Arene activation and functionalisation by reducing complexes of uranium and iron

Abstract

The primary focus of the work described herein concerns the synthesis of uranium complexes and their reactivity towards small-molecules i.e. simple unsaturated kinetically inert compounds. Chapter 4 investigates the reactivity of beta-diketiminate ligated low valent iron complexes. The unifying theme of this thesis is that of arene activation, however, dinitrogen activation is also a recurring topic.

Chapter one reviews important organoactinide and relevant organolanthanide complexes reported in the literature to date.
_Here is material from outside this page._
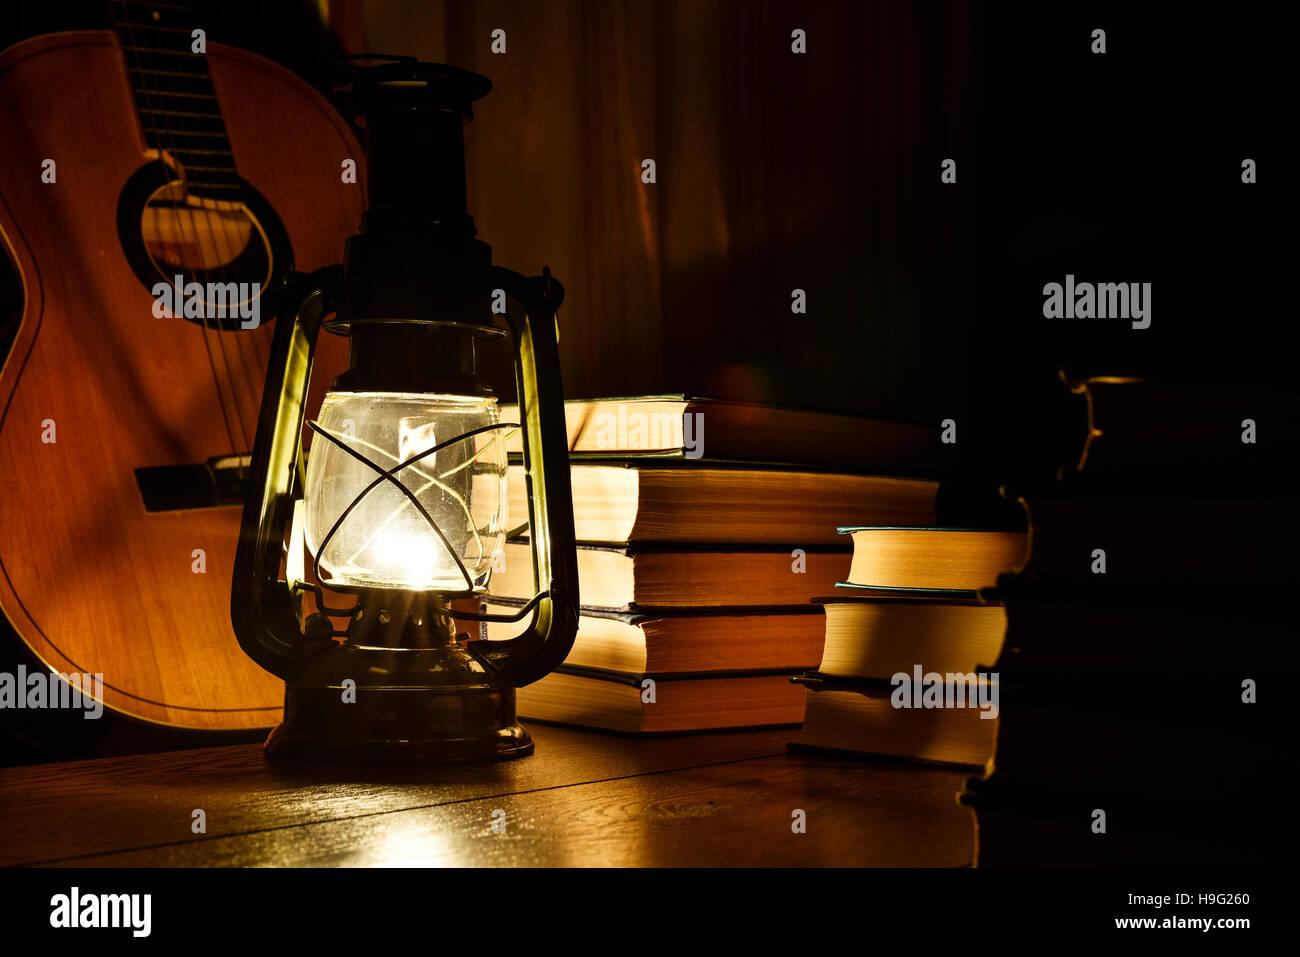 Kerosene lamp, guitar and books on the table - Stock Image

Focus is placed upon complexes of uranium which possess a ligand derived from C6 aromatics with the family of inverse arene sandwich (IAS) complexes thoroughly reviewed and attention paid to both structural and reactivity profiles. Dinitrogen complexes of both actinides and lanthanides are reviewed with comments on the degree to which particular metal fragments impart activation on the N2 derived fragment. The reactivity of organouranium complexes with carbon oxygenates (CO and CO2) is also summarised.
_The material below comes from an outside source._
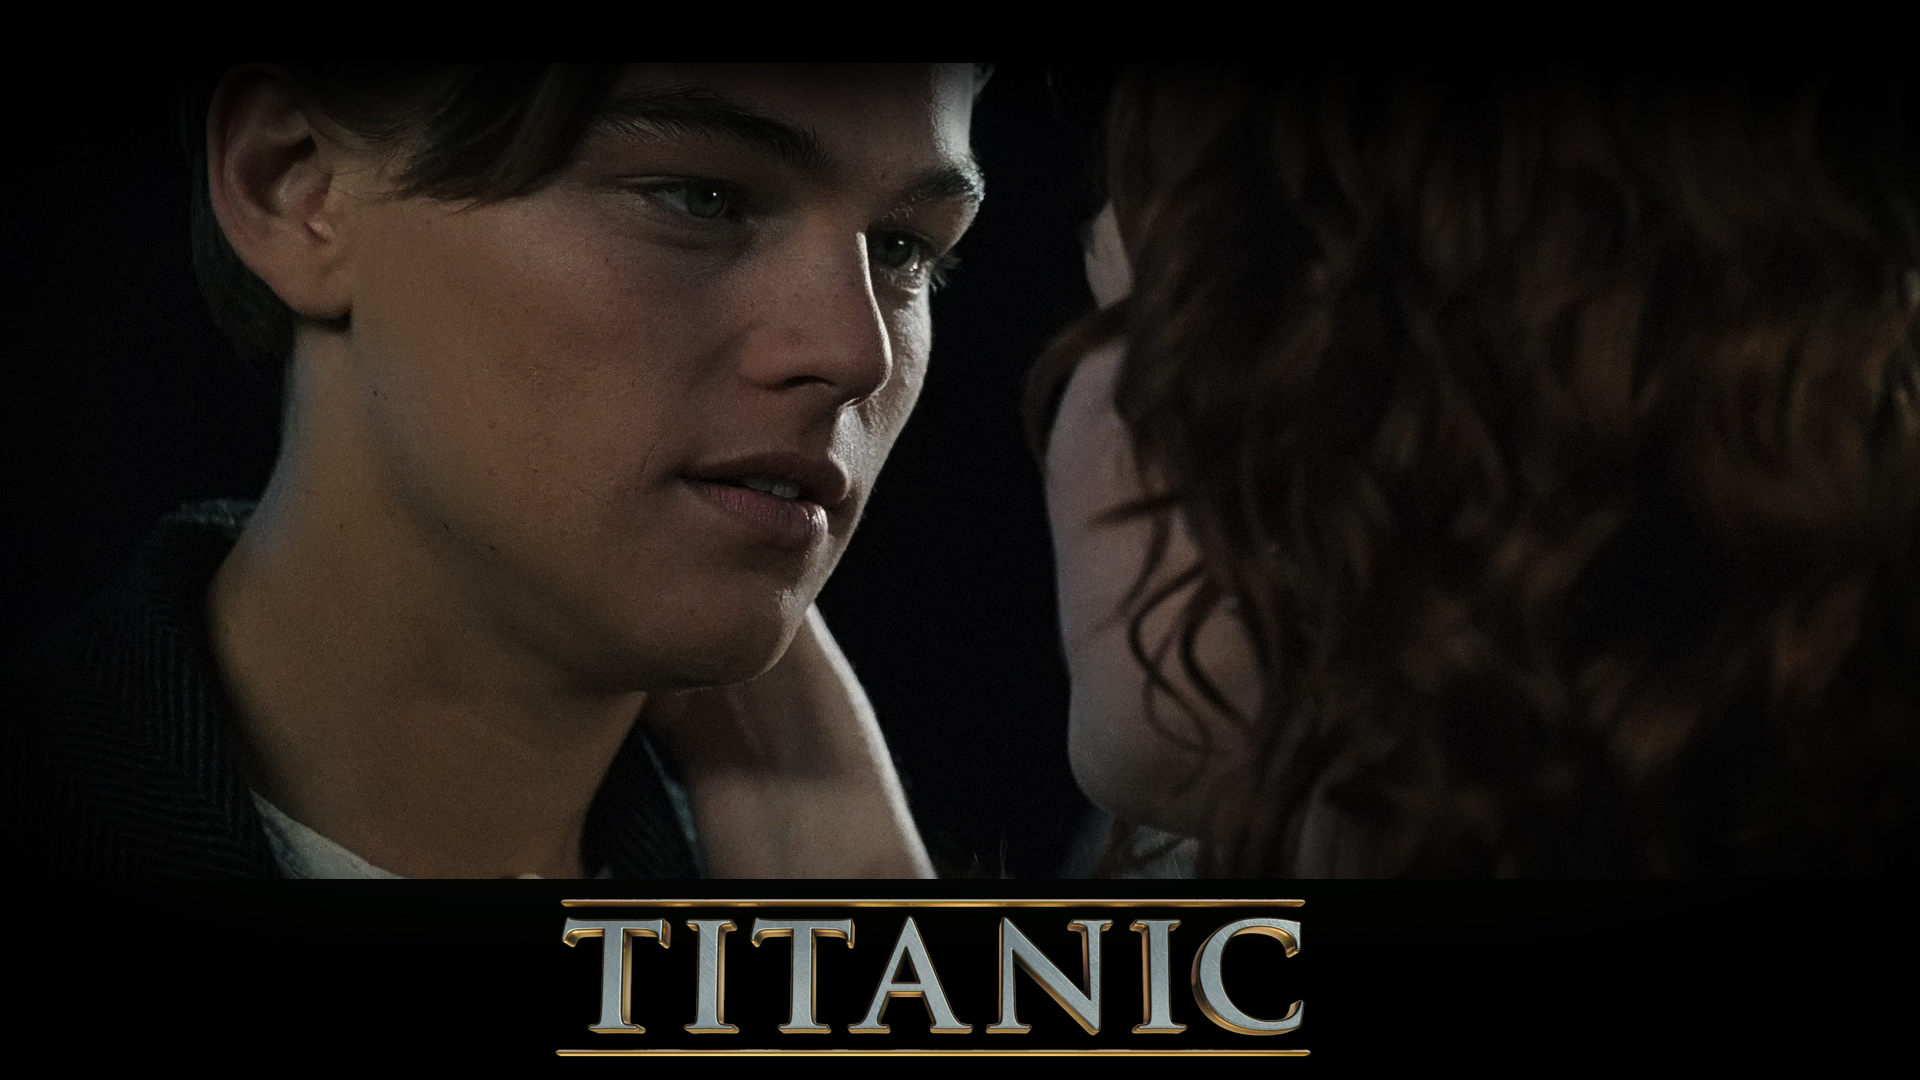 Titanic 3D wallpaper 7

Chapter 2 reports studies on the synthesis of U(III) complexes and their reactivity with small molecules, specifically that of homoleptic U(III) aryloxide complexes with C6 arenes. In particular, the arene activation chemistry of U(ODipp)3, previously thought to have no reactivity with small molecules, is described. Here its reactivity with arenes is described and compared to related examples of uranium mediated arene activation previously in the Arnold group as well as in the wider literature.

Chapter three describes the synthesis and uranium-chelation of tetraphenolate ligands with para-terphenyl derived backbones of general form (–OAr)2C-(p-terphenyl)-C(ArO–)2 and denoted “terTP” ligands. Building on previous work conducted within the Arnold group on related tetraphenolate ligands a number of uranium adducts are described and the binding modes compared to related complexes previously described in the literature. The ligand syntheses are adaptable, facilitating systematic variations in ligand structure and substitution.

Chapter four describes research conducted over the period of three months within the research group or Prof. Patrick Holland at Yale University. The introduction supplements the N2 activation chemistry discussed in chapter one shifting focus away from electropositive f-element dinitrogen complexes and focusing on the fixation of N2 by well-defined complexes of molybdenum and iron. Complementary to the other work described in this thesis, the research discussed here focuses upon the arene and N2 reactivity of low valent beta-diketiminate complexes of iron. The work describes the sequential activation of both arenes and dinitrogen which, upon treatment with a silylating reagent, results in the formation of silylanilines and silylamines. The process described is found to generate N(SiMe3)3 catalytically whilst, at present, the aniline forming pathway remains substoichiometric due to low yielding intermediate reaction steps. Evidence is presented however, that demonstrates that the catalytic formation of anilines from arenes and N2 is a viable transformation.

Chapter five presents experimental details employed whilst carrying out this research.